WHAT YOU SHOULD DO: In your copy of the data, omit the pictures and keep all else exactly as given.

INFORMATION SHOWN:
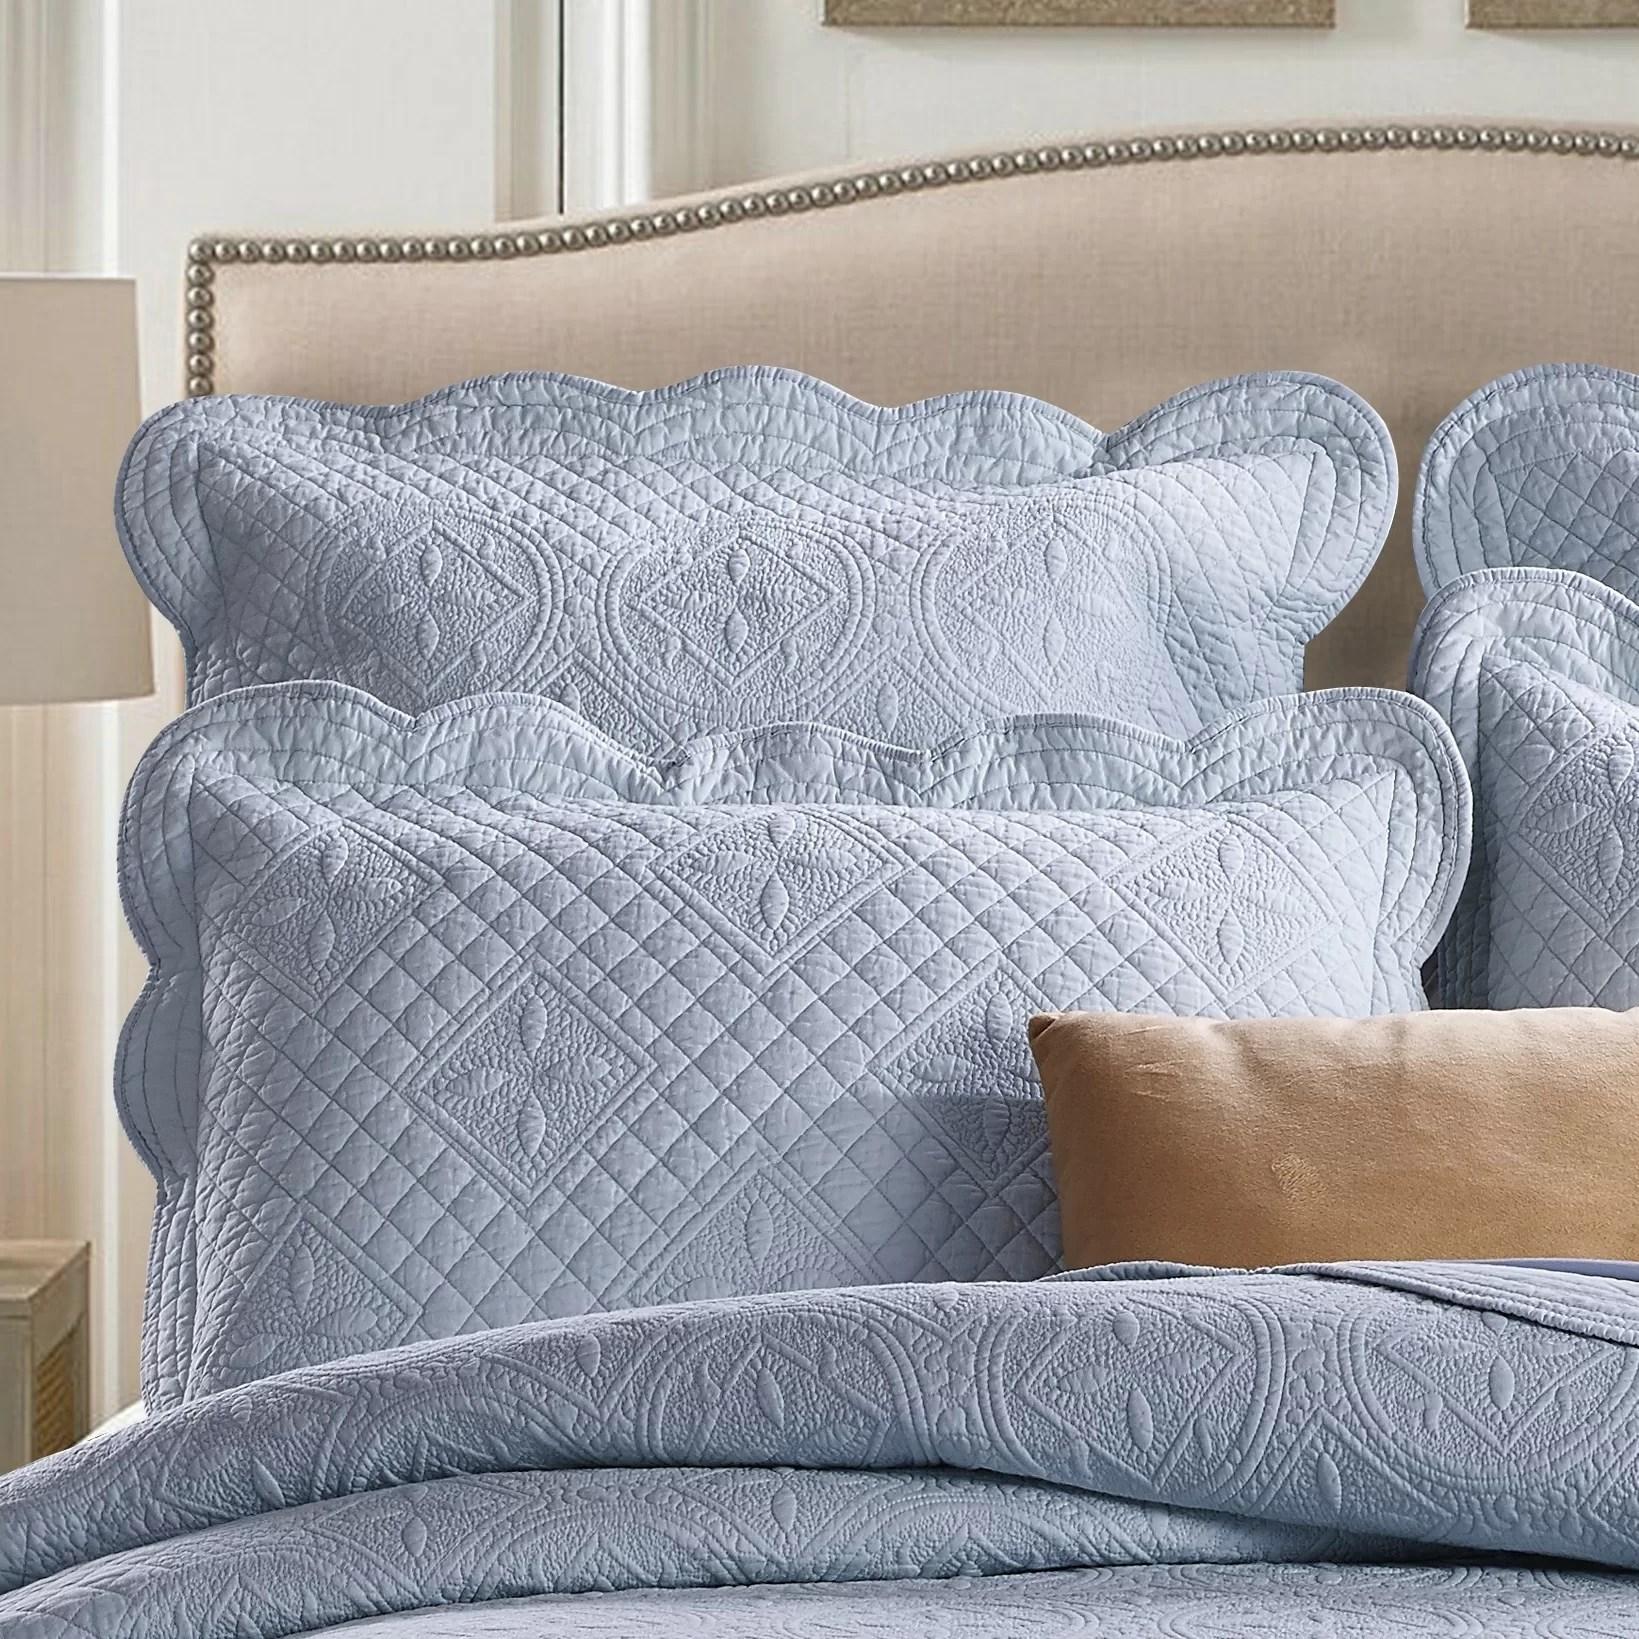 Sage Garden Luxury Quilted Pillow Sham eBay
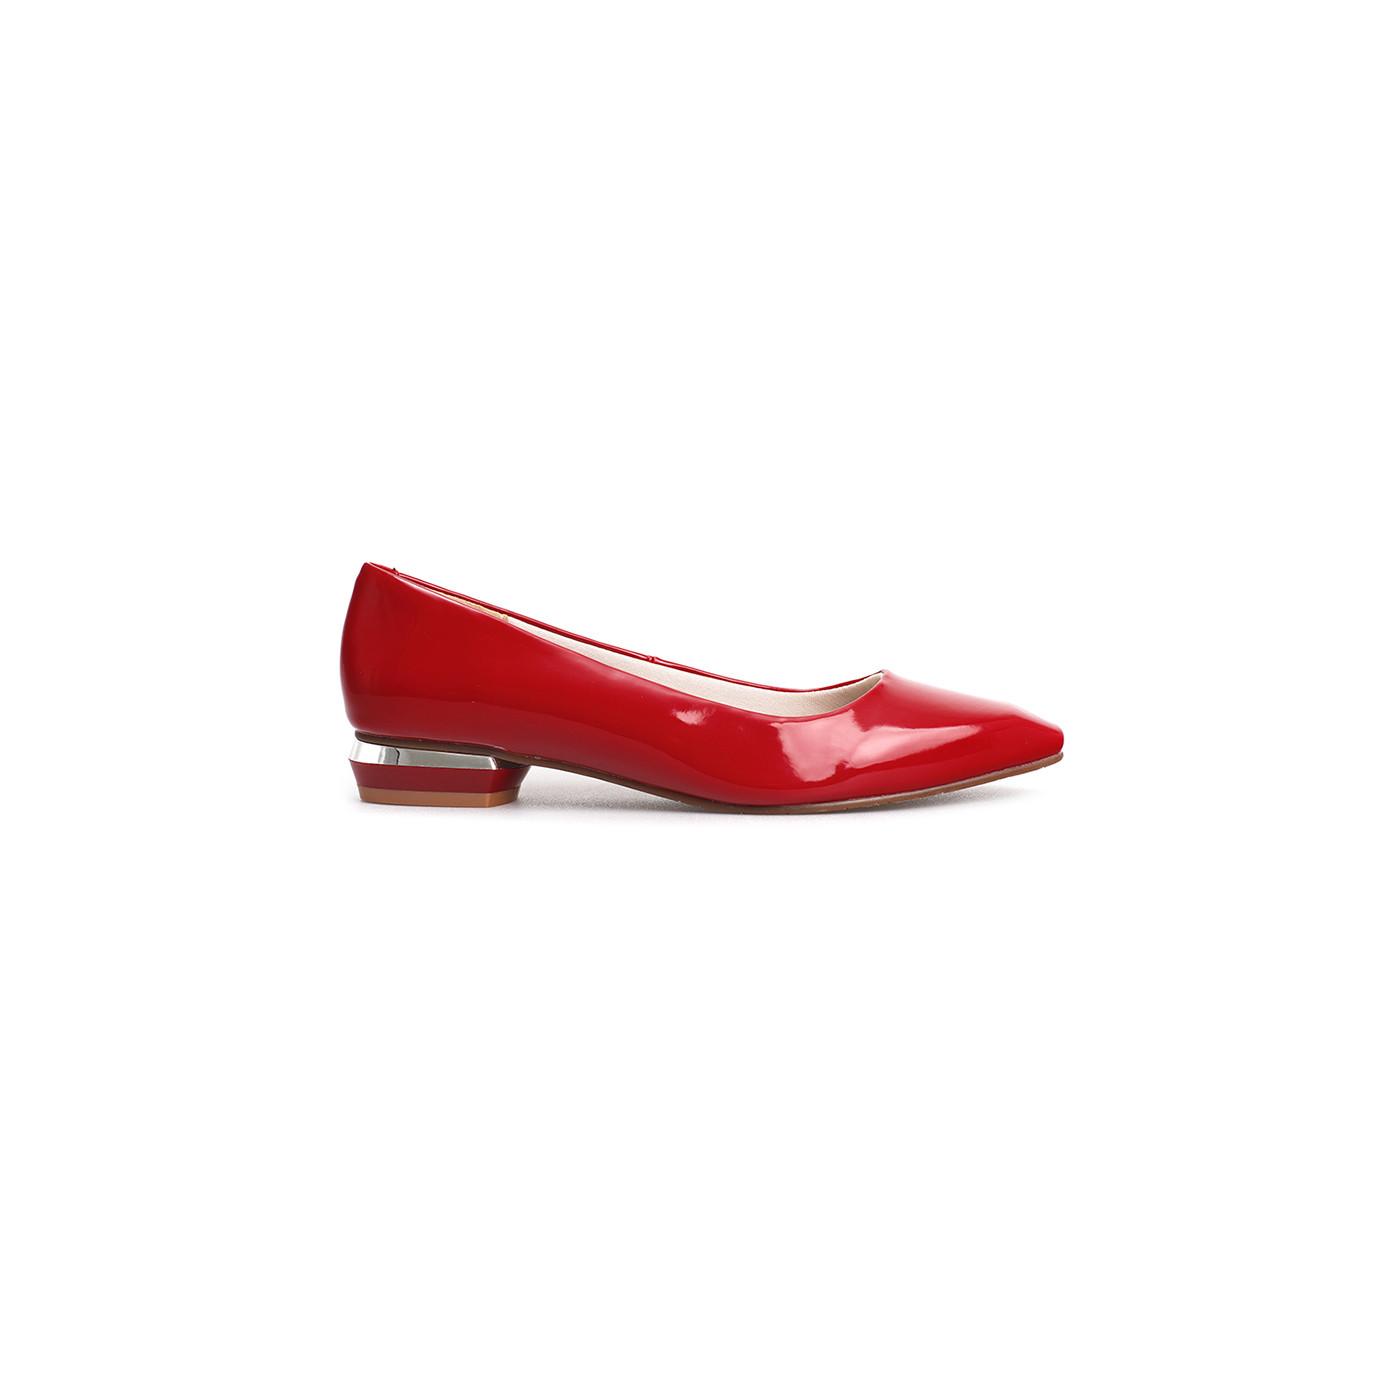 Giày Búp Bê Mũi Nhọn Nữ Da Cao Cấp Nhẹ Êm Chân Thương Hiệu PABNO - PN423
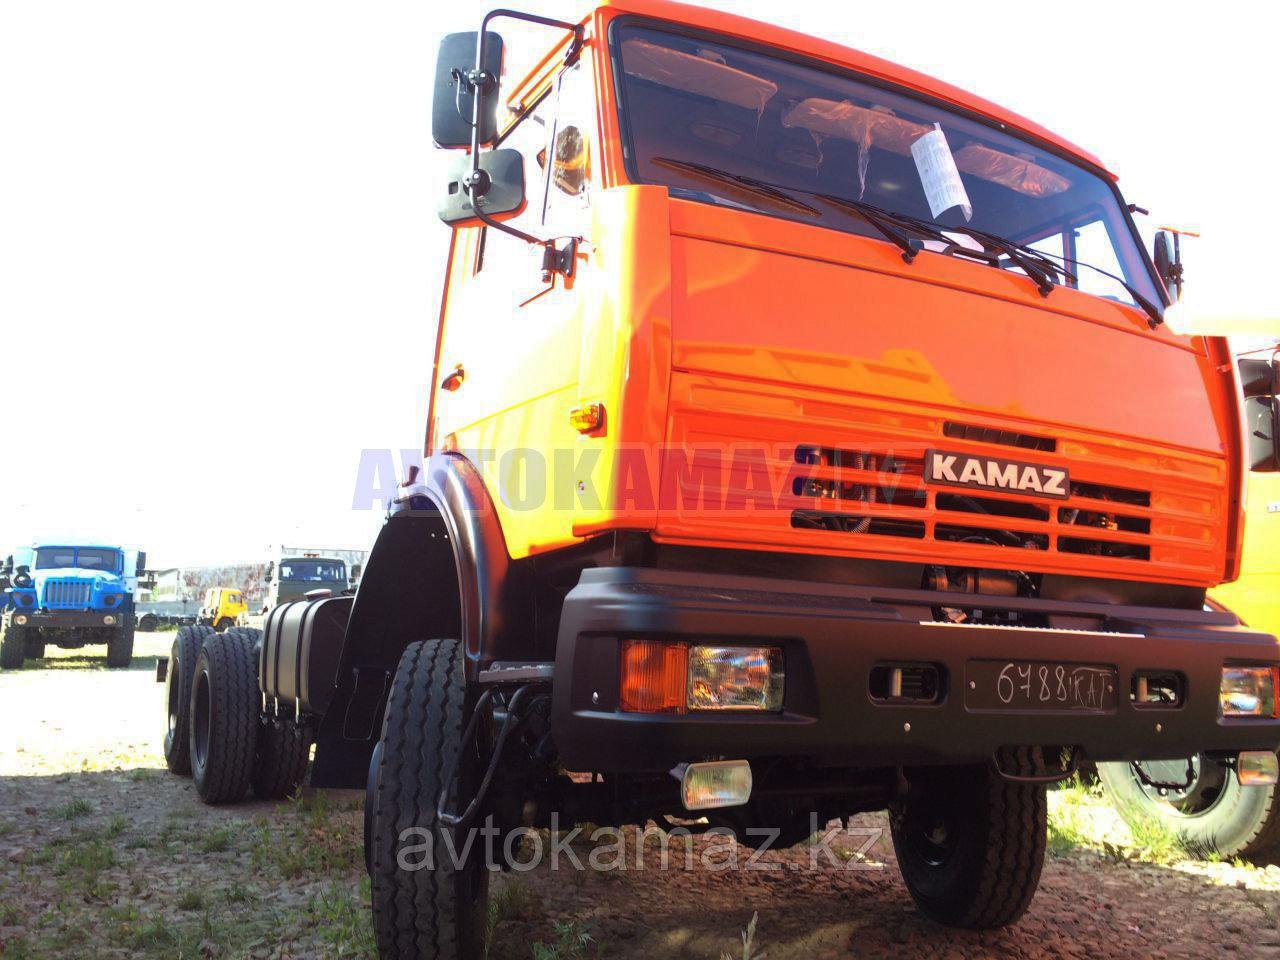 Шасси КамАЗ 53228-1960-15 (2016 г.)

RESPONSE BELOW:
 Sage Garden Luxury Quilted Pillow Sham eBay
 Giày Búp Bê Mũi Nhọn Nữ Da Cao Cấp Nhẹ Êm Chân Thương Hiệu PABNO - PN423
 Шасси КамАЗ 53228-1960-15 (2016 г.)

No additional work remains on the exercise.